→ SUPPLIED MATERIAL
□ □ □ □ □

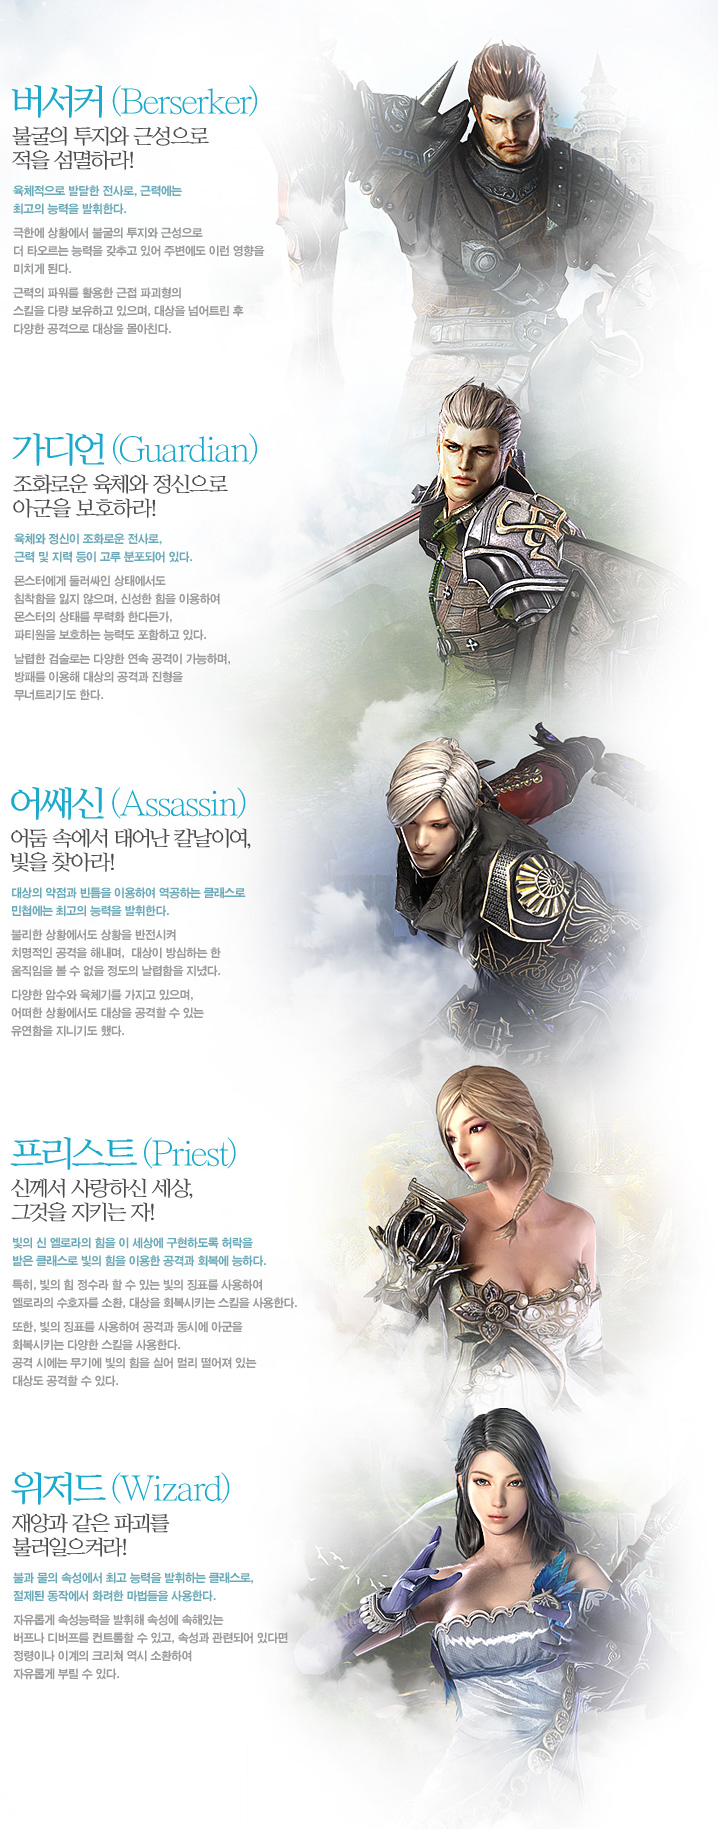 Icarus - Game online Hàn tuyệt đẹp chuẩn bị mở cửa 2
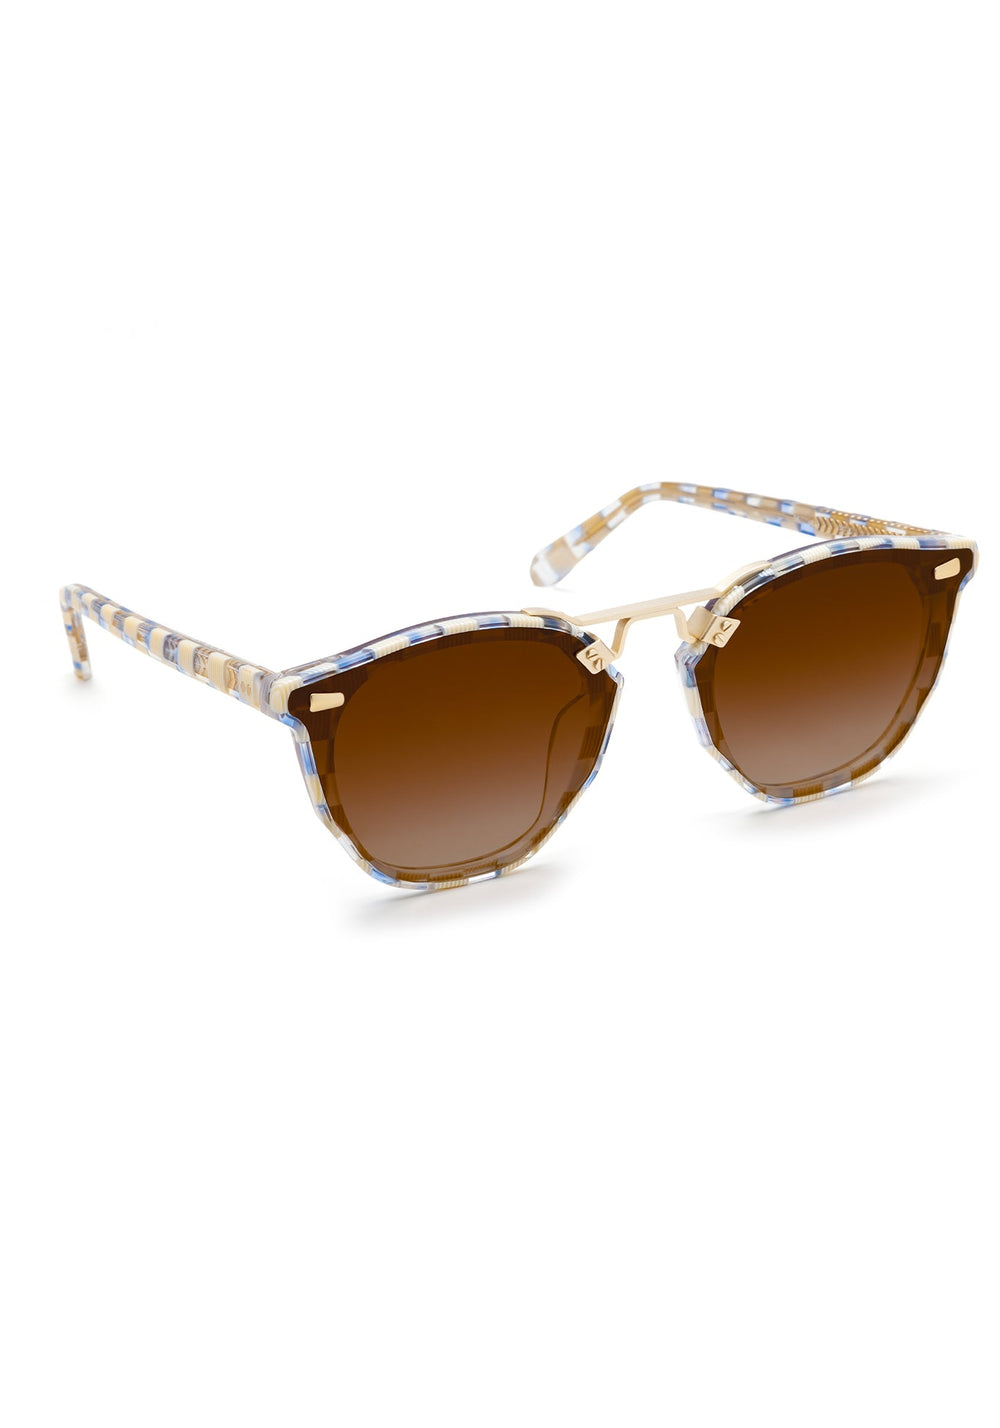 BEAU NYLON | Gingham 12K  Luxury Blue and White Acetate Sunglasses
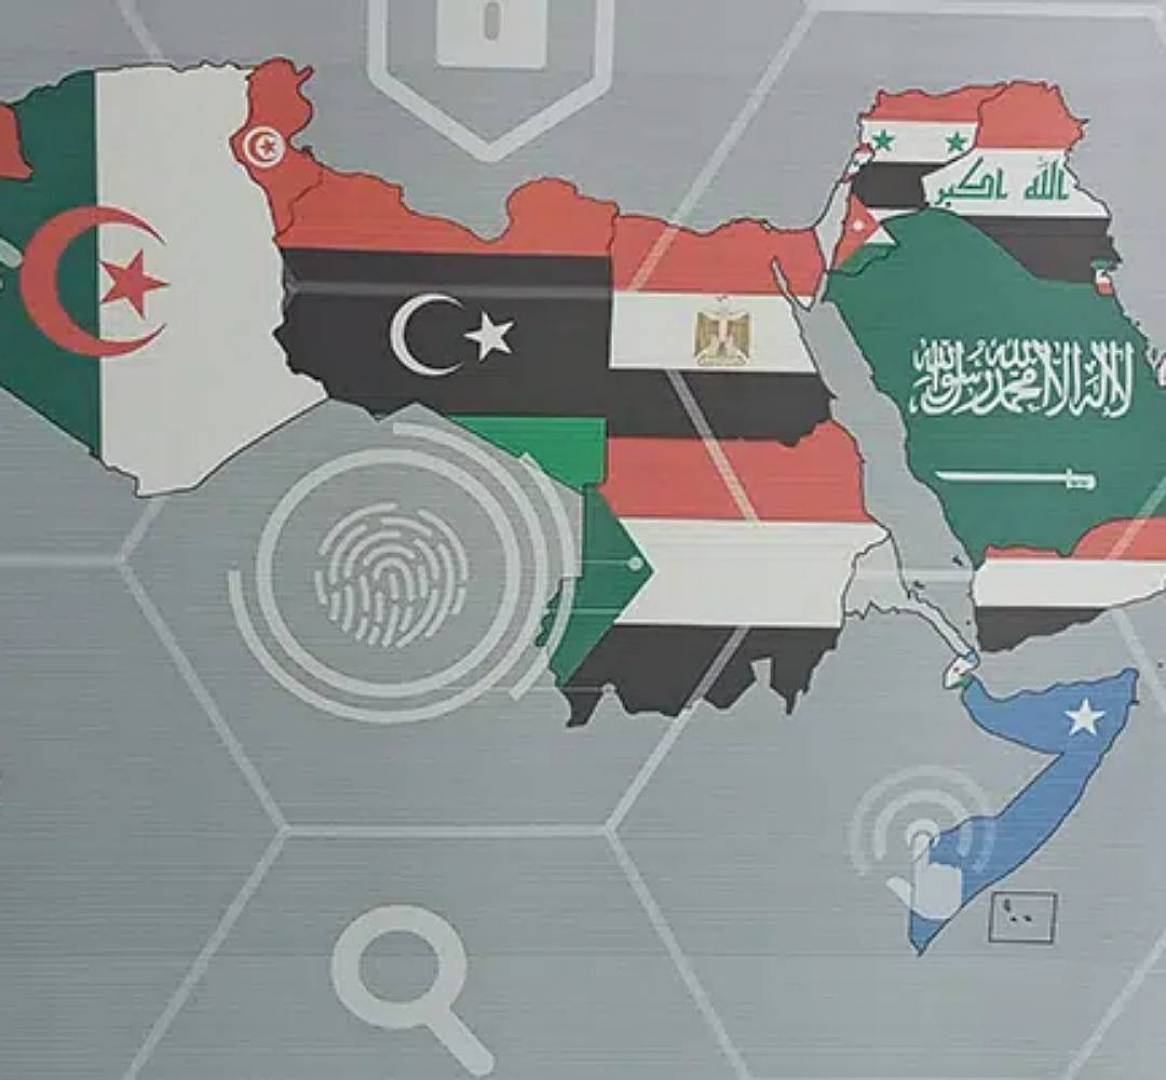 وفد جزائري ينسحب من ندوة قومية ويغادر تونس بسبب خريطة فلسطين والصحراء
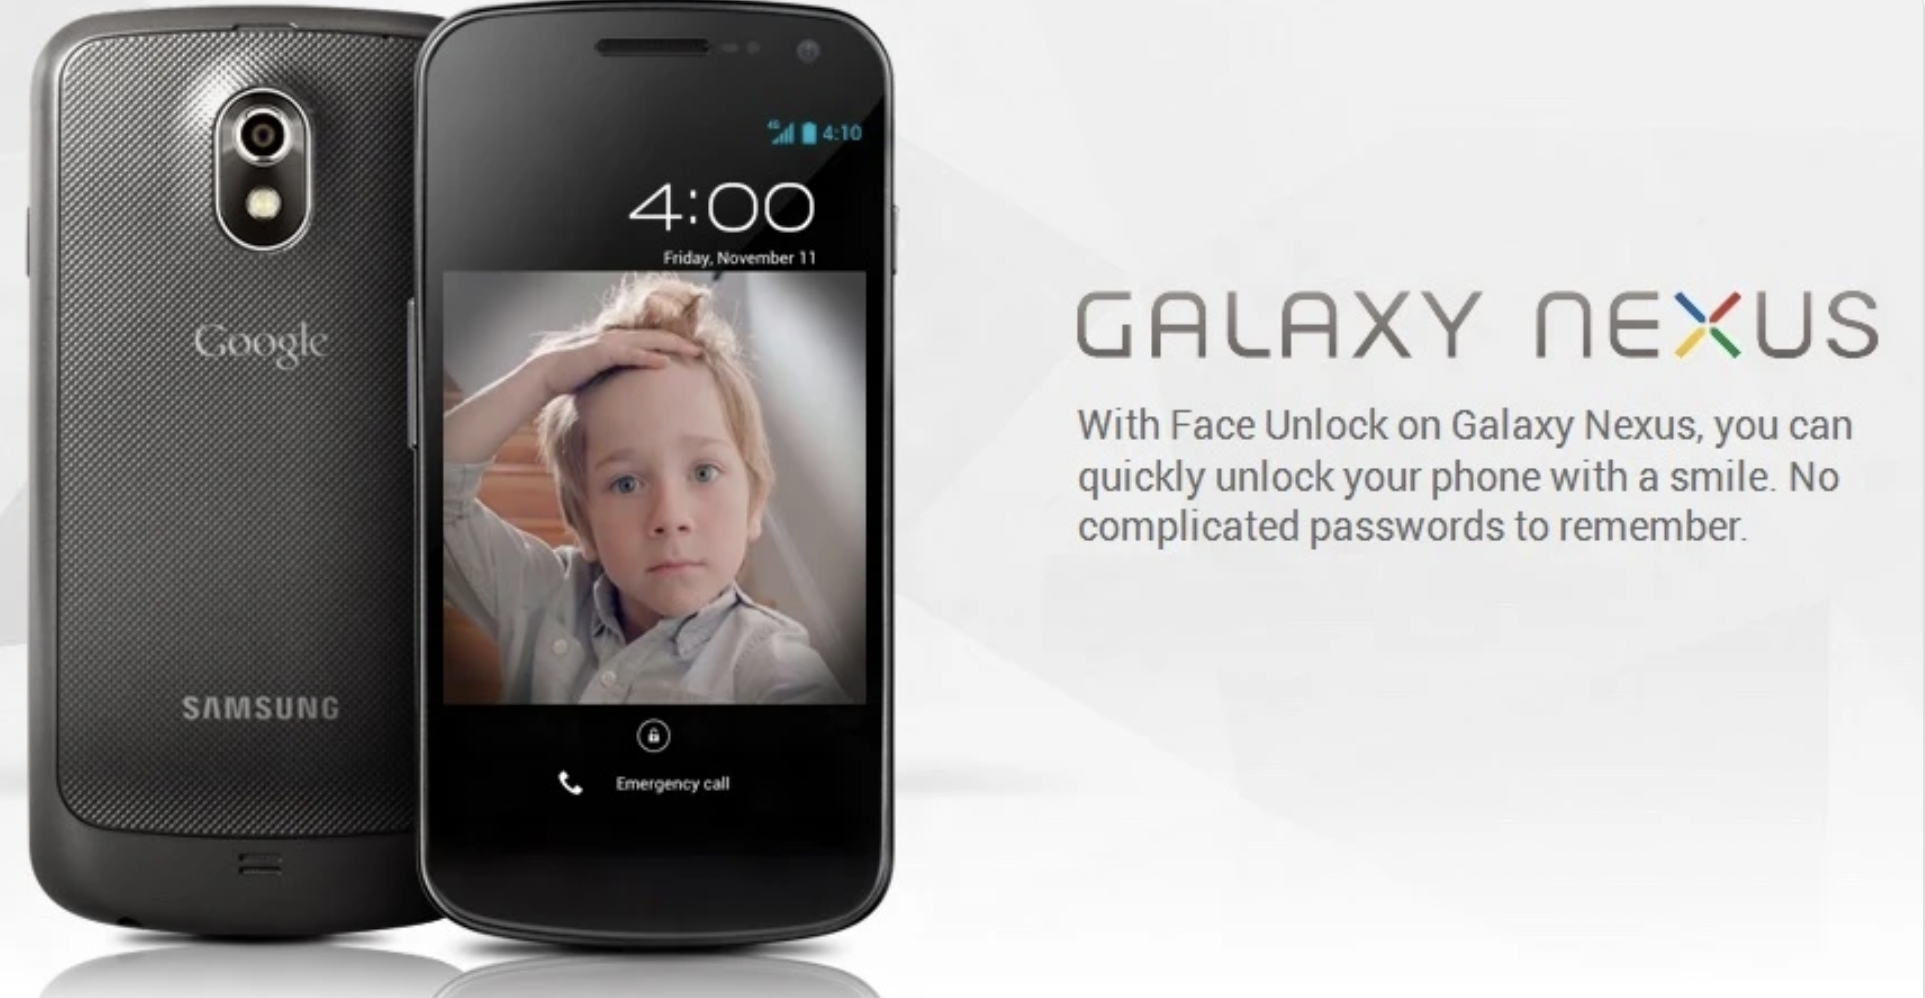 Galaxy Nexus 2011 đã giới thiệu Mở khóa bằng khuôn mặt dưới dạng tính năng của Android 4.0. Ảnh chụp màn hình

□ □ □ □ □

→ TASK DETAILS
Starting with the line that contains "وفد جزائري ينسحب", copy every line word for word through the end of the listing above, but leave out the pictures.

→ EXPECTED ANSWER
 وفد جزائري ينسحب من ندوة قومية ويغادر تونس بسبب خريطة فلسطين والصحراء
 Galaxy Nexus 2011 đã giới thiệu Mở khóa bằng khuôn mặt dưới dạng tính năng của Android 4.0. Ảnh chụp màn hình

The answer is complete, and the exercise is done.